Background information
- Birth name: Danny Byrd
- Born: 4 May 1979 (age 46)^{[non-primary source needed]}
- Origin: Bath, Somerset, England
- Genres: Drum and bass; liquid funk; UK garage;
- Occupations: DJ; record producer; musician;
- Years active: 1997–present
- Labels: Hospital; Ministry of Sound;
- Website: byrdfeed.co.uk

= Danny Byrd =

English DJ and record producer (born 1979)

Danny Byrd (born 4 May 1979) is an English DJ, record producer and musician from Bath in the South West of England. He is influenced by genres such as house, UK garage, R&B and the jungle sound. He primarily releases his music through Hospital Records, the UK-based independent dance music label. In 2009, his track "Red Mist VIP" reached number one on the UK Dance Chart on the week ending 25 July 2009,
and on 7 February 2010, his remix of Liquid's Sweet Harmony gave him his first success on the UK Singles Chart, making No. 64. In October 2010, Byrd reached No. 36 in the UK Singles Chart with the track "Ill Behaviour".

==History==
Byrd was one of the first artists to sign to Hospital Records in 1999. His first Hospital singles were Do It Again and Changes.

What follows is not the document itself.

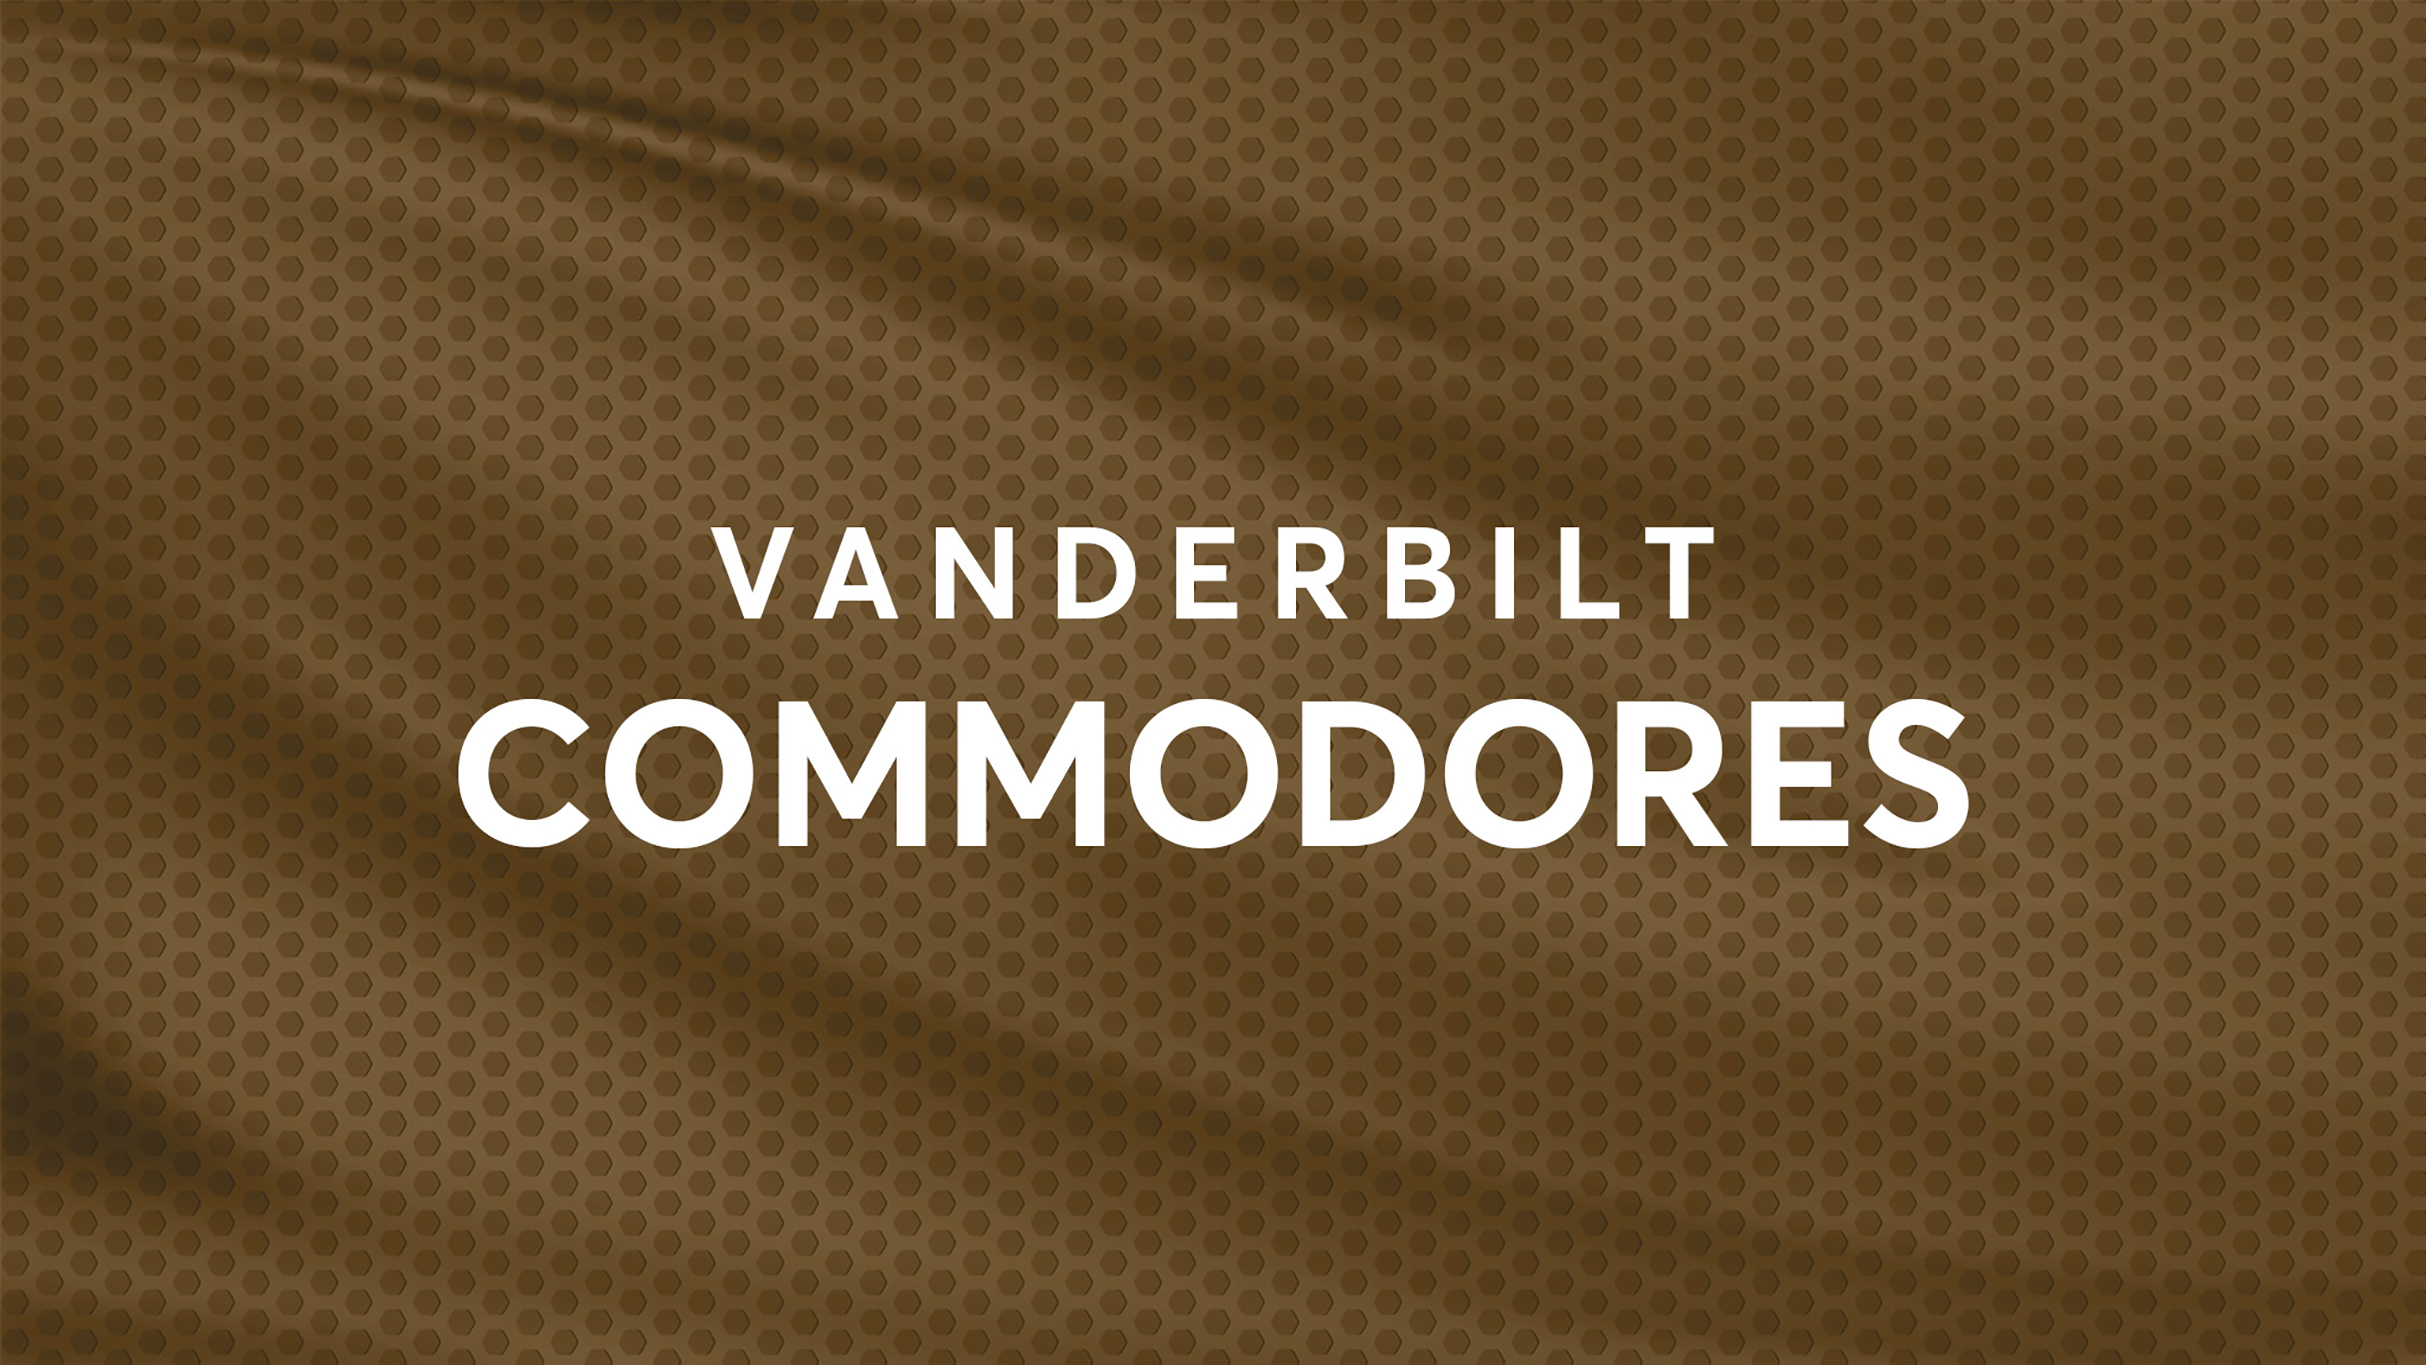 Vanderbilt Commodores Football vs. Virginia Tech Hokies Football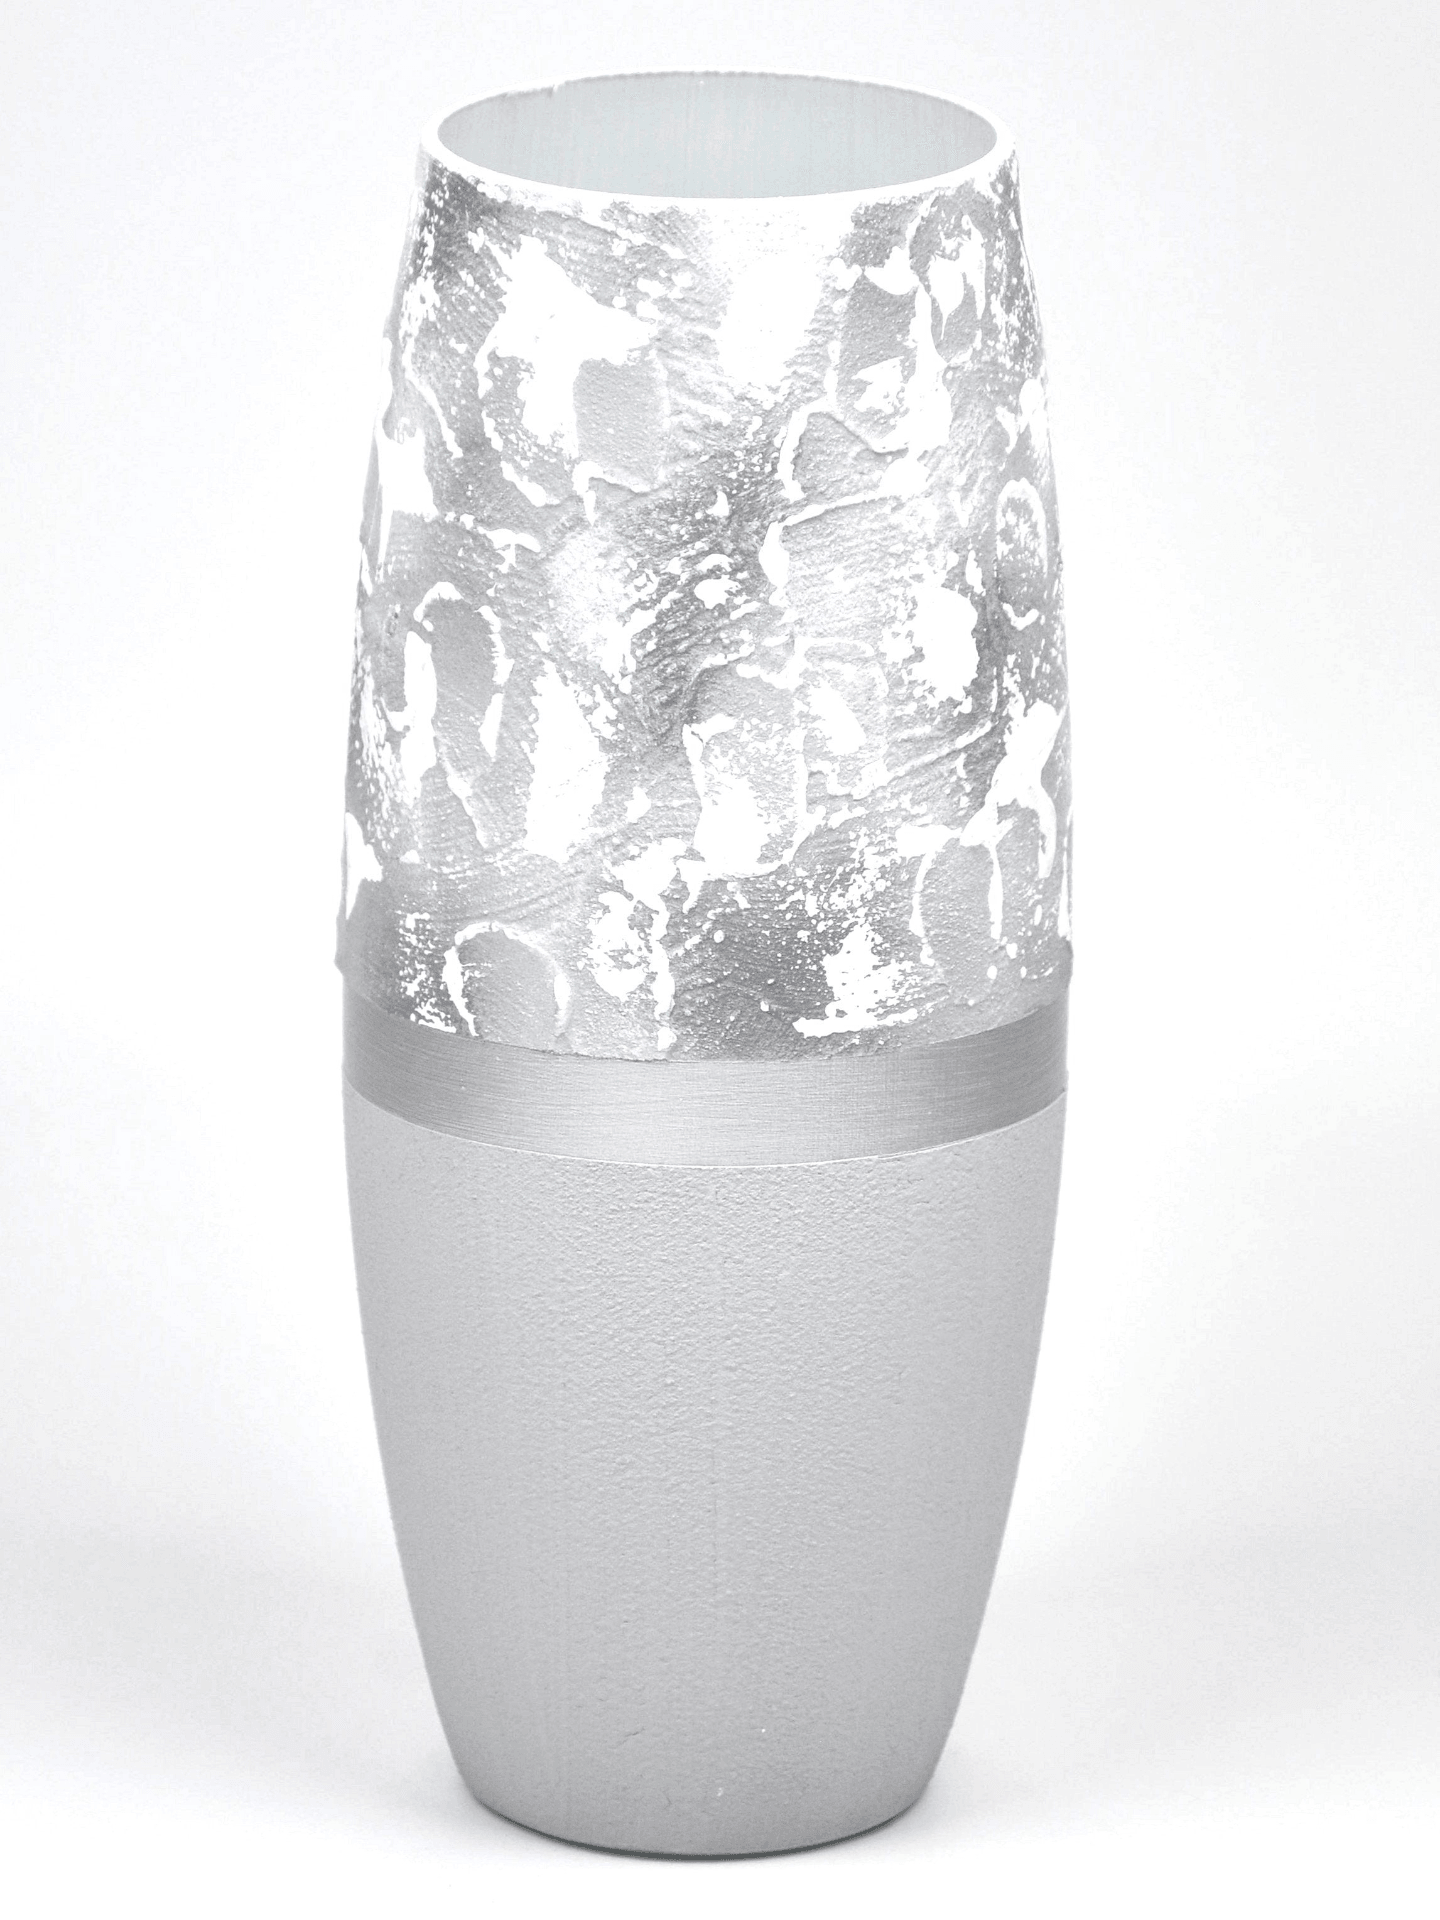 Marble Imitation Painted Art Glass Oval Vase for Flowers | Interior Design | Home Decor | Table vase | 7736/250/sh106

In 2000, BBC Radio 1's Fabio championed Danny's remix of London Elektricity's Wishing Well. Remixes by Byrd for High Contrast and contributions to the Hospital Records compilation Weapons of Mass Creation followed.

In 2008, Byrd's debut studio album Supersized was released on Hospital Records, including notable tracks like Shock Out, Gold Rush, Weird Science and Red Mist. Red Mist VIP, a new version of the latter track, appeared on Hospital's compilation Sick Music and has appeared in the film Dead Man Running and computer games Midnight Club LA and DJ Hero.

Byrd second studio album Rave Digger was released in October 2010. The lead single "Ill Behaviour" (featuring I-Kay) has been supported by MistaJam, Annie Mac and Sara Cox on BBC Radio 1. The single was promoted to Radio 1's A-list on 8 September 2010.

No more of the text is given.